For many years, the Kaiser Permanente Division of Research (DOR) has specialized in creating disease registries for common medical conditions such as cancer, diabetes, viral hepatitis and HIV. A large number of clinicians and researchers make use of these data registries to better understand common medical conditions and ultimately improve systematic care for these patients.

Now, DOR scientists have figured out an innovative way to target care for patients with uncommon medical conditions, those occurring among several hundred or even several dozen patients.

Lisa J. Herrinton, PhD, a DOR senior research scientist and epidemiologist, figured out a low-cost, low-tech way to pull together data on rarely occurring conditions, so that chiefs in specialty care can target their monitoring and ensure that patients with rare conditions do not fall through the cracks.

“This workflow innovation will lead to greater ability by front-line clinicians to engage in quality improvement, and increased accountability of care,” Herrinton said.

Herrinton will be honored with seven other innovators on May 30 in Denver with Kaiser Permanente’s national Innovation Fund for Technology Broadly Applicable Innovation Award, for developing a simple way to pull together disease registries for specialized medical care.

With a grant from the Innovation Fund for Technology, Herrinton and her team — Liyan Liu, MS, and Andrea Altschuler, PhD, of DOR — built a platform for “crowdsourcing” clinical specifications from physicians, so that the data can be captured from HealthConnect (Kaisier Permanente’s electronic medical record) and organized in a simple format that physicians can use.

The result is about a dozen mini-registries, including for rare conditions such as sickle-cell anemia; a complication of cataract surgery called endophthalmitis; abdominal aortic aneurysm; and teenagers with cancer transitioning to adult care.

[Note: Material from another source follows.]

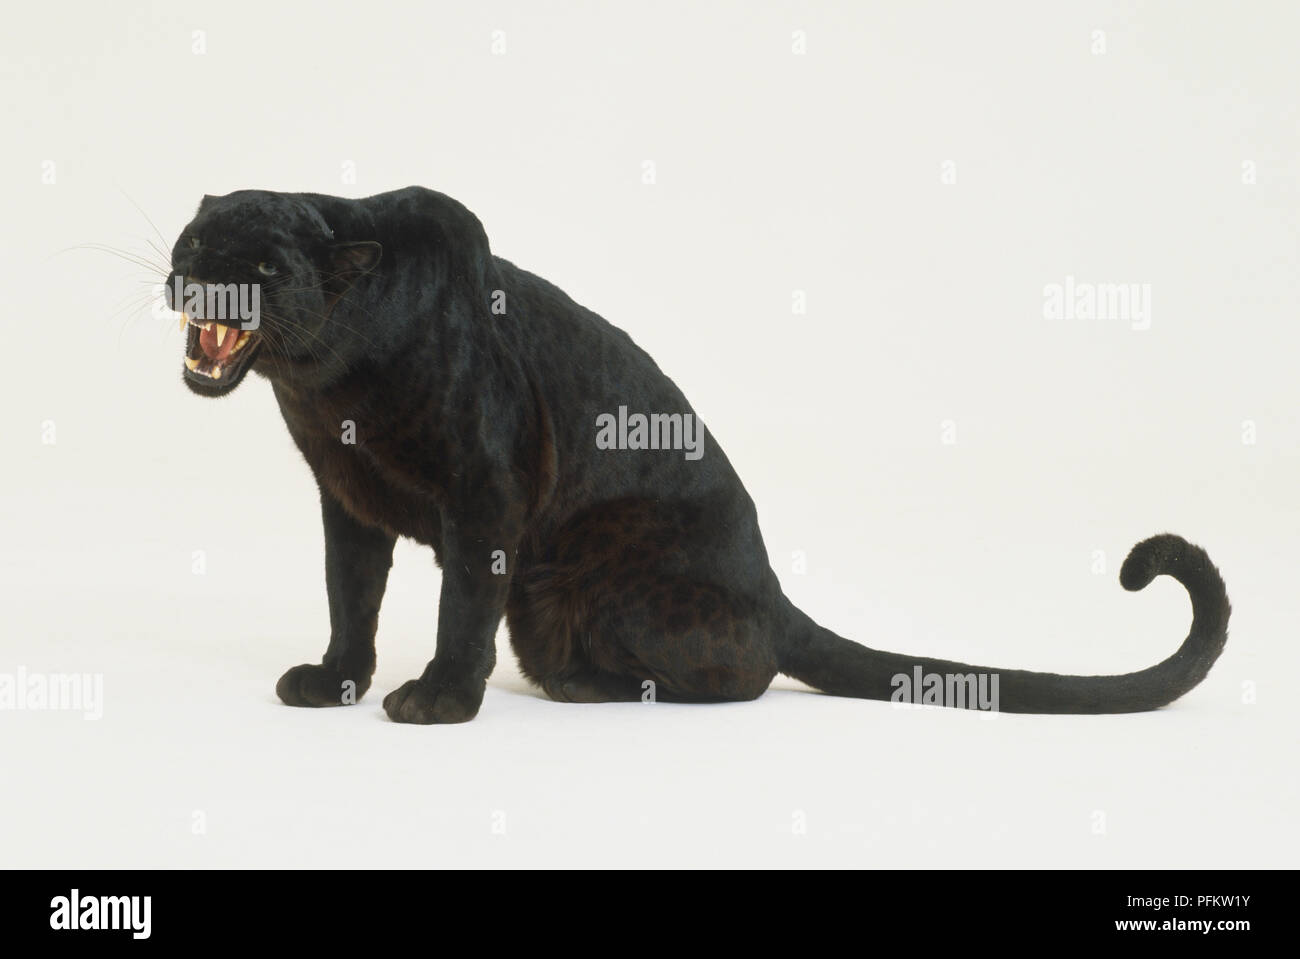 Sitting Black Leopard or Black Panther (Panthera pardus) roaring and baring its teeth, side view. Stock Photo

“We opted for very simple technologies, including SurveyMonkey and Excel spreadsheets, that most everybody understands,” Herrinton says. “The specialties have to provide their own problem statement and clinical expertise. They even have to help us write the algorithms! But we kept it simple.”

For example, the chief of rheumatology wanted a comprehensive list of several hundred gout patients among Kaiser Permanente Northern California’s 3.4 million members. Patients suffer needlessly when gout is not treated consistently; they have more emergency room visits, hospital admissions, and prescriptions for an expensive medication called colchicine.

The chief filled out Herrinton’s intake form in SurveyMonkey. Within two days, Herrinton and her team were able to write an algorithm for creating an Excel spreadsheet of gout patients. The chief was then able to directly contact those gout patients and make the case for improved pharmacological management of their care.

“He was so happy to get the data,” Herrinton says. “He said, ‘I’ve been trying to get this for three years.’”

The mini-registries can be updated automatically as often as necessary (such as monthly) and e-mailed to clinical stakeholders.

Herrinton hopes that this work will lead to systematic quality improvements in specialized patient care: “All I wanted to do was bring data to clinical care in the same way that Walmart brings data to retail.”